# Data Mining - Lab - 2

#  Numpy  &  Perform Data Exploration with Pandas

-------------------------------------------------------------------------------
## Numpy

1) NumPy (Numerical Python) is a powerful open-source library in Python used for numerical and scientific computing.<br>
2) It provides support for large, multi-dimensional arrays and matrices, along with a collection of mathematical functions to operate on them efficiently.<br>
3) NumPy is highly optimized and written in C, making it much faster than using regular Python lists for numerical operations.<br>
4) It serves as the foundation for many other Python libraries in data science and machine learning, like pandas, TensorFlow, and scikit-learn.<br>
5) With features like broadcasting, vectorization, and integration with C/C++ code, NumPy allows for cleaner and faster code in numerical computations.<br>



### Step 1. Import the Numpy library

In [None]:
import numpy as np



### Step 2. Create a 1D array of numbers

In [None]:
arr = np.arange(11)
print(arr)
print(type(arr))

[ 0  1  2  3  4  5  6  7  8  9 10]
<class 'numpy.ndarray'>


In [None]:
arr = np.arange(2,20,2)
arr

array([ 2,  4,  6,  8, 10, 12, 14, 16, 18])

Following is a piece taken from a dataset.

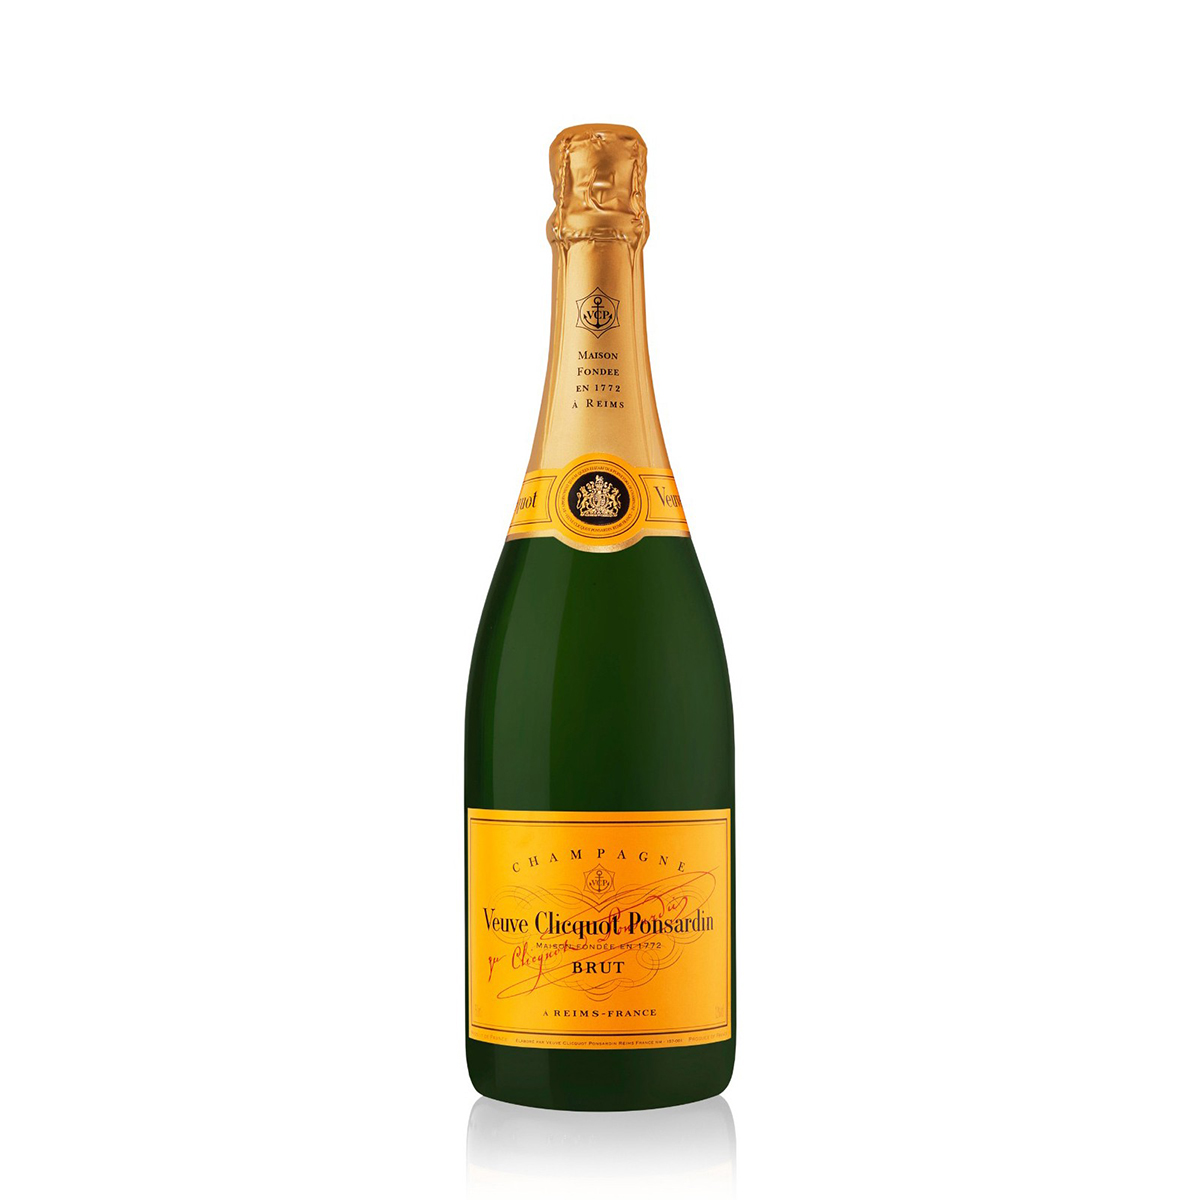 Thursday Champagne Party – Yelloween with Veuve Clicquot – West Village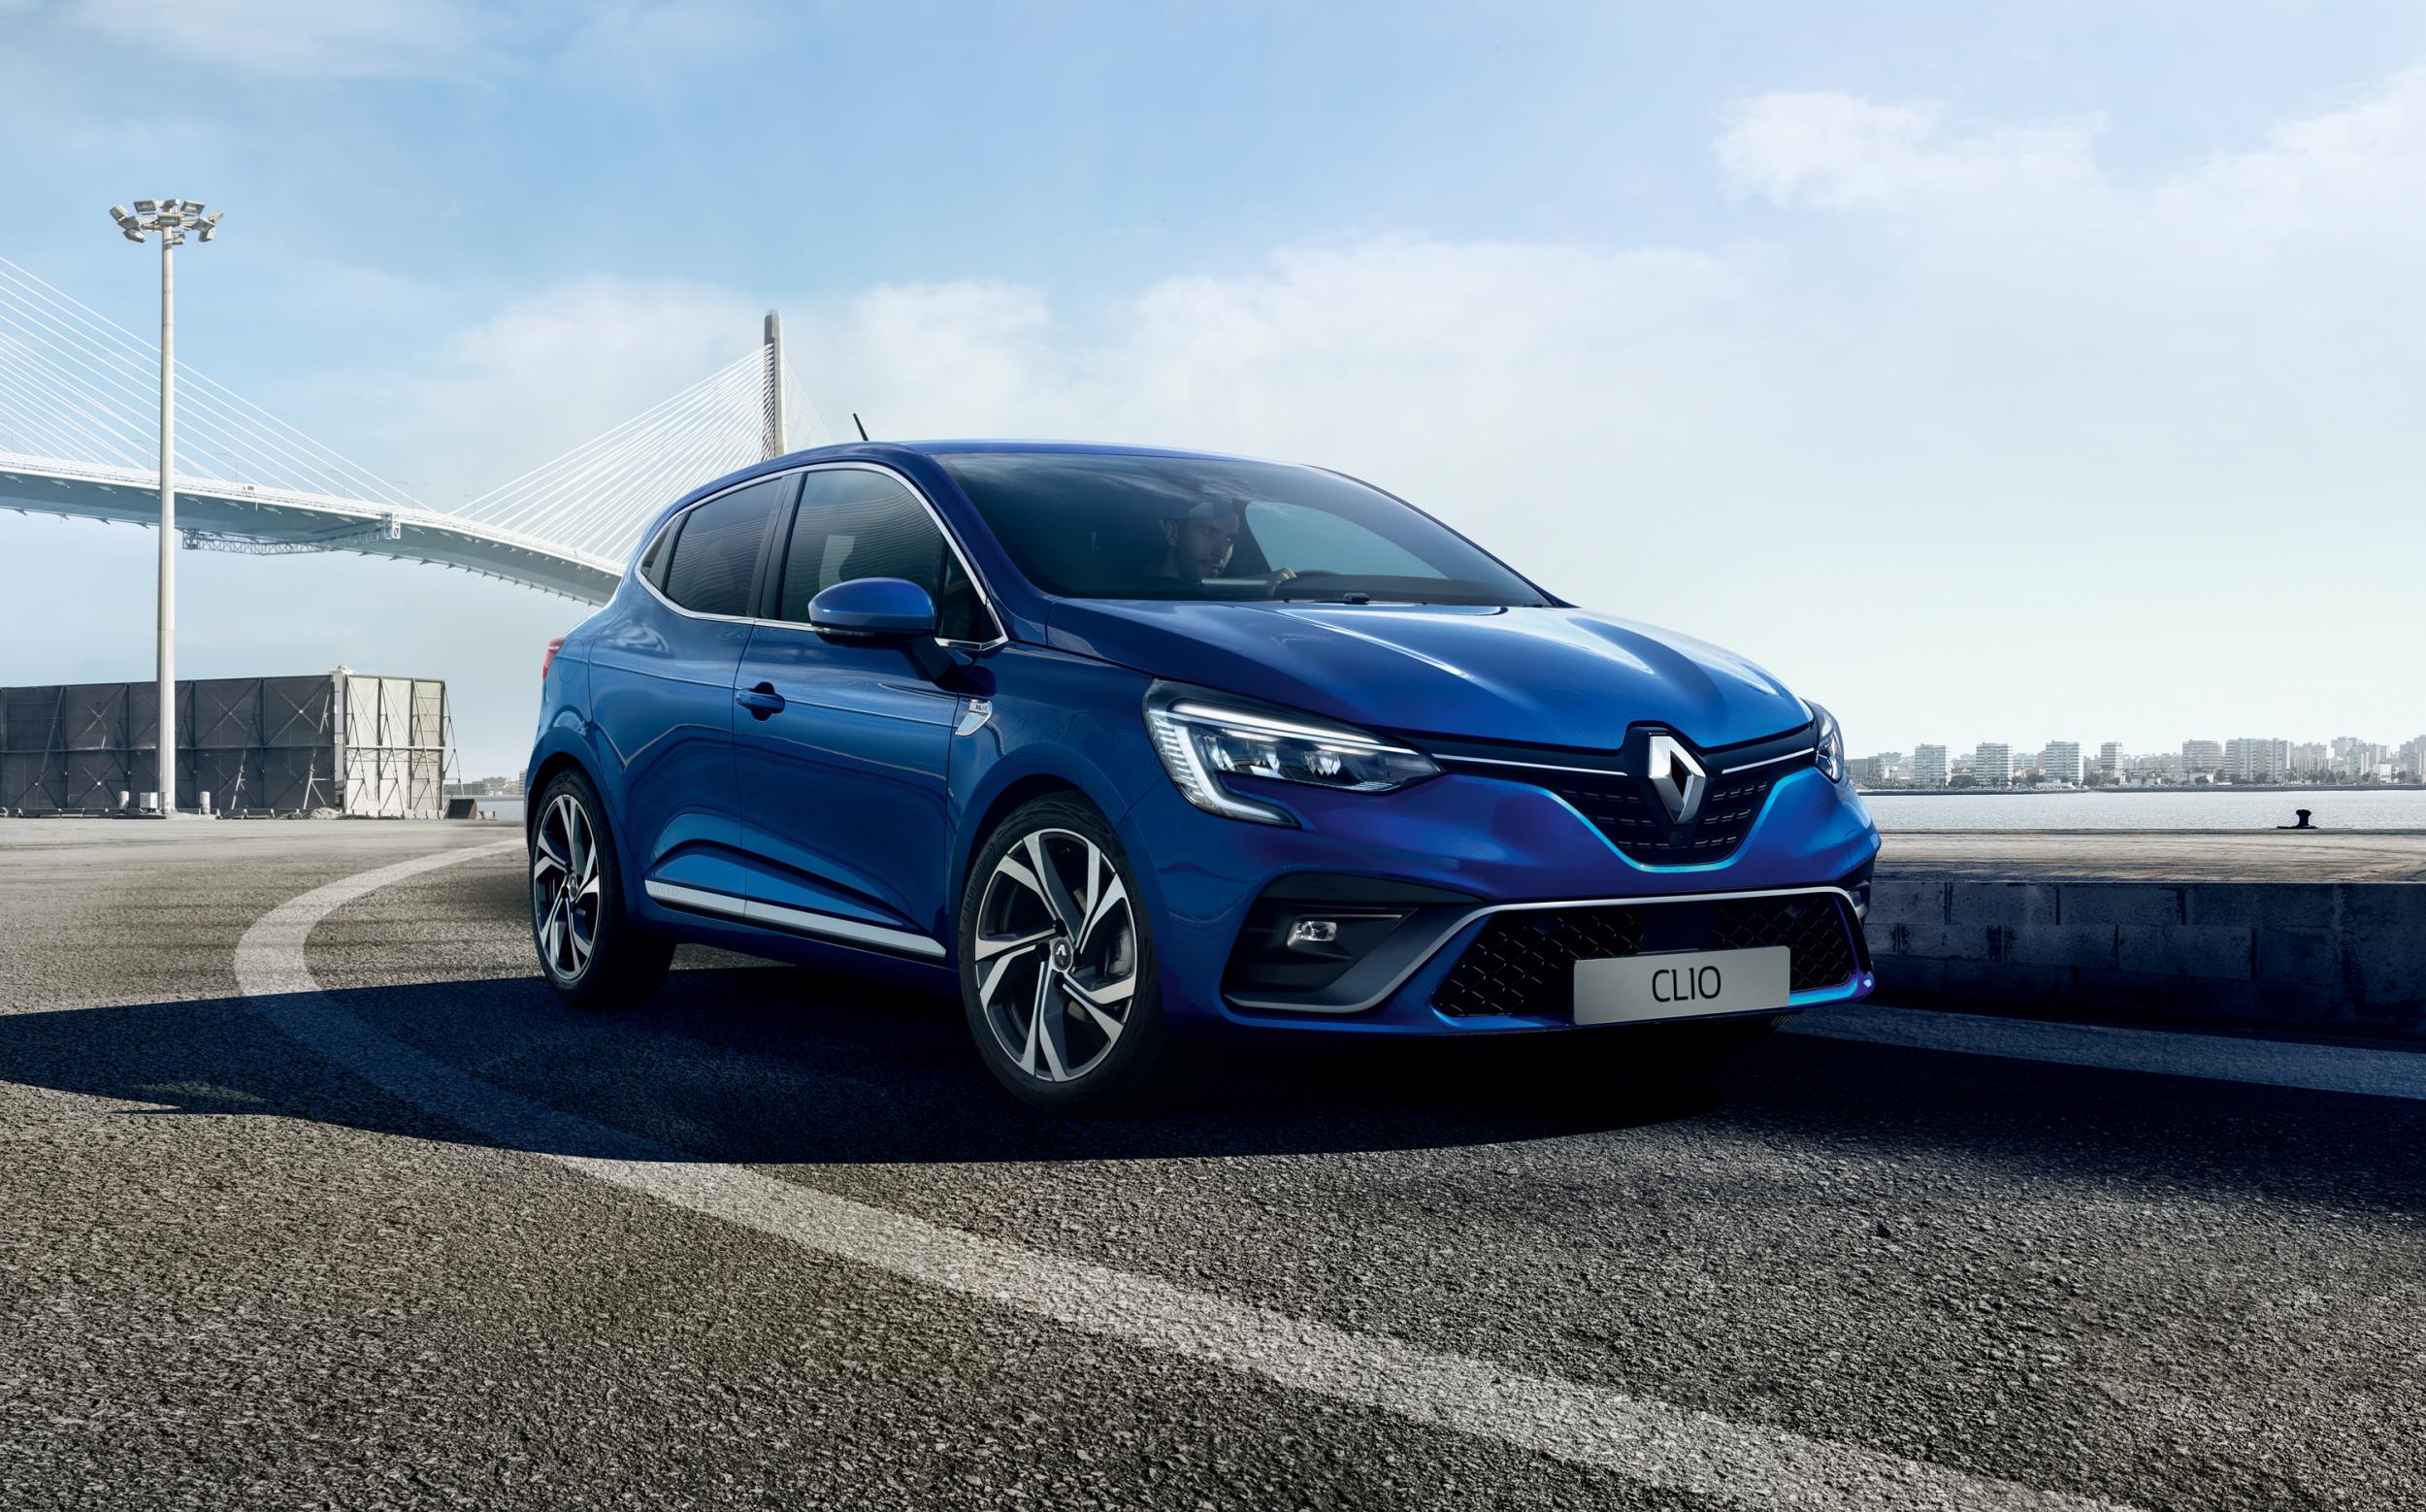 Car review: Renault Clio Iconic has va va for improvement | The Independent | The Independent

### Step 3. Reshape 1D to 2D Array

In [None]:
np.arange(2,22,2).reshape(2,5)

array([[ 2,  4,  6,  8, 10],
       [12, 14, 16, 18, 20]])

### Step 4. Create a Linspace array

In [None]:
np.linspace(1,3,5)

array([1. , 1.5, 2. , 2.5, 3. ])

### Step 5. Create a Random Numbered Array

In [None]:
np.random.rand(10)

array([0.32513051, 0.94605105, 0.72974458, 0.382629  , 0.32952675,
       0.77702468, 0.82697908, 0.99131081, 0.47693878, 0.4751378 ])

In [None]:
np.random.rand(2,4)

array([[0.44195197, 0.41047363, 0.42008562, 0.14183039],
       [0.89560966, 0.69863512, 0.90823267, 0.77124116]])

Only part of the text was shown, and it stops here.